Instead, we can do our memory management manually. First, swap your randomly chosen dude with the dude to the end of the queue. Then if your dude dies, it's a pop! operation, so your memory stays dense everytime! Good memory management makes for happy CPUs.

Anyway that's is what I used to write my last paper, the algorithm probably fits easily in fifty lines of julia.

The ultimate Game of Life: The balanced Moran

For a while I thought the chemical potential Moran was just about the best way to do forward simulation.

Yes there was quite a bit of push!ing and pop!ing which can give the garbage collector in julia whiplash, but overall, compared to WF it's a blaze of glory where the steady stream of unavoidable twisted pseudo-rands is the dominant hit in profiling.

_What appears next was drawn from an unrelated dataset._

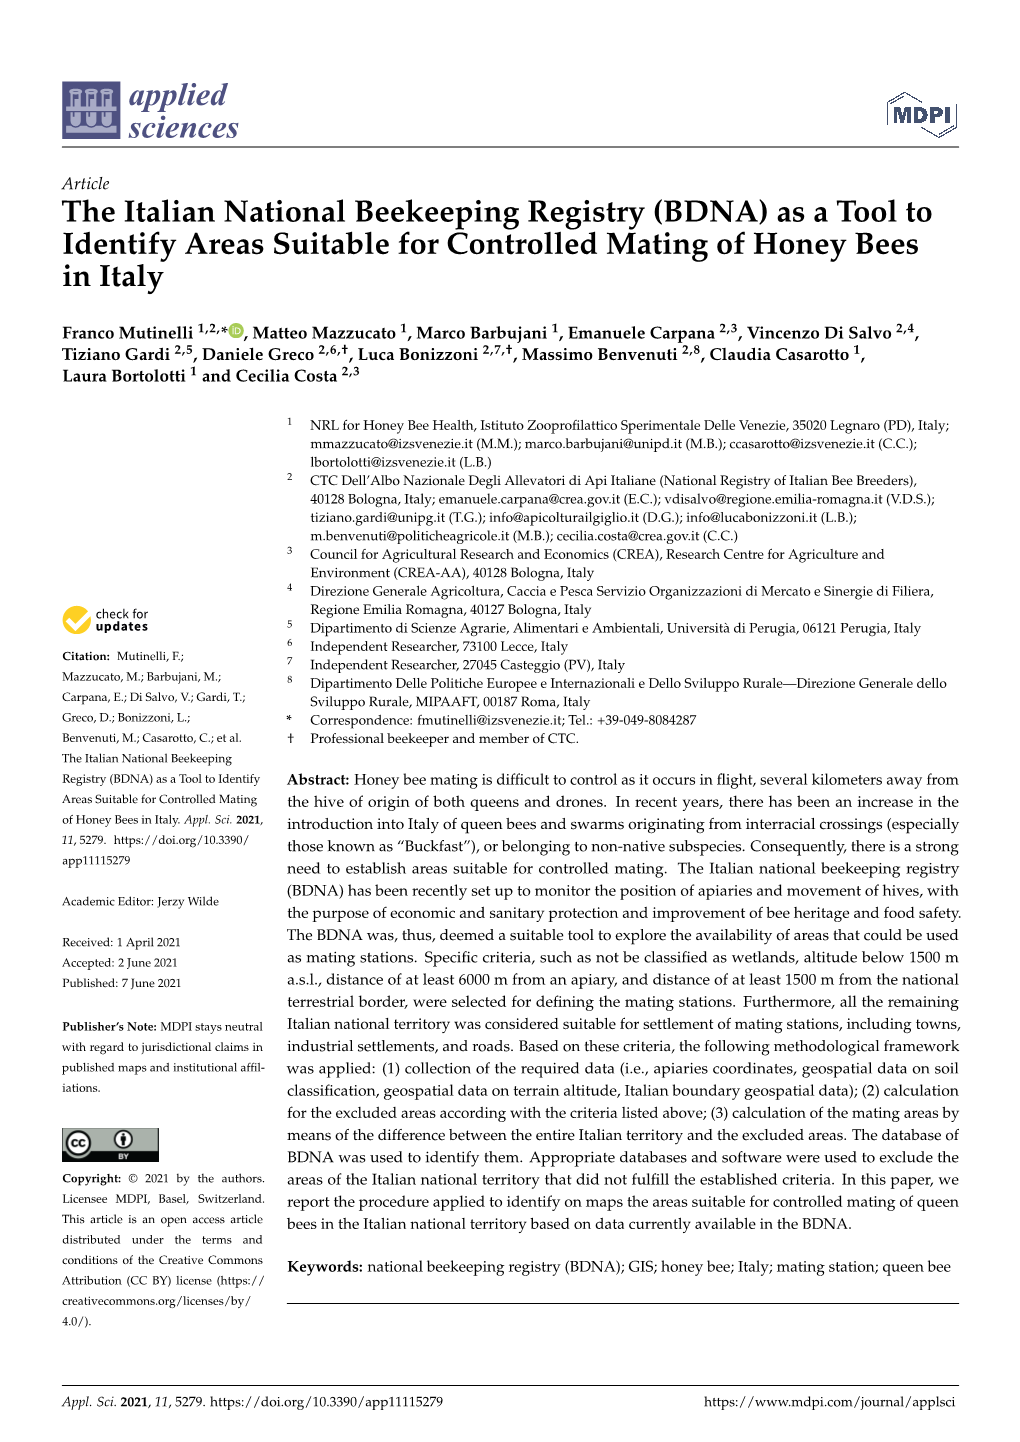 The Italian National Beekeeping Registry (BDNA) As a Tool to Identify Areas Suitable for Controlled Mating of Honey Bees in Italy

However last week I was up thinking in bed about a process which is so fast, so tight that I was immediately ashamed I hadn't thought of it before. Surely it couldn't give the right equations? Actually it has a factor of two speed up, and no memory management required and is especially mathermatically pretty. Here's what you do:

Instead of drawing one particle every $\frac{1}{N λ}$, you draw two, $i$, and $j$ at uniform from the population, every $\frac{2}{N λ}$. So we are waiting twice as long between events, but you can check that noise and fitness effects will be twice as big, so half as many events for the same diffusion process. One particle will get copied and replace the other one. We define the two rates. \begin{aligned} β_{ij} &= (λ + f_i - f_j )/ 2 \\ δ _{ij} &= (λ - f_i + f_j) / 2
\end{aligned}

Now we choose between the two processes with \begin{aligned} P(i \rightarrow j) &= \beta_{ij} / λ \\ P(j \rightarrow i ) &= \delta_{ij} / λ \end{aligned}

Note if you only look at what the i'th particle sees, in terms of average effect. \begin{aligned} β_i &= \sum_j x_j β_ij \\ β_i &= (λ + f_i - \sum_j x_j f_j )/ 2 = (λ + f_i - φ )/ 2 \end{aligned} So the fitness potential is there in a stochastic form, but since the Bernoulli trial already has so much entropy, there's no reason to calculate it exactly.

This principle of calculating markov transtion probablities approximately, while still sampling from the exact distribution underlies the magic of so called exact-approximate samplers. Very cool branch of statistics indeed. The only downside of this algorithm is that popuation size is fixed, but on the plus, the inplace overwriting of one of your vector registers means your vector will stay dense without the end-swapping described above.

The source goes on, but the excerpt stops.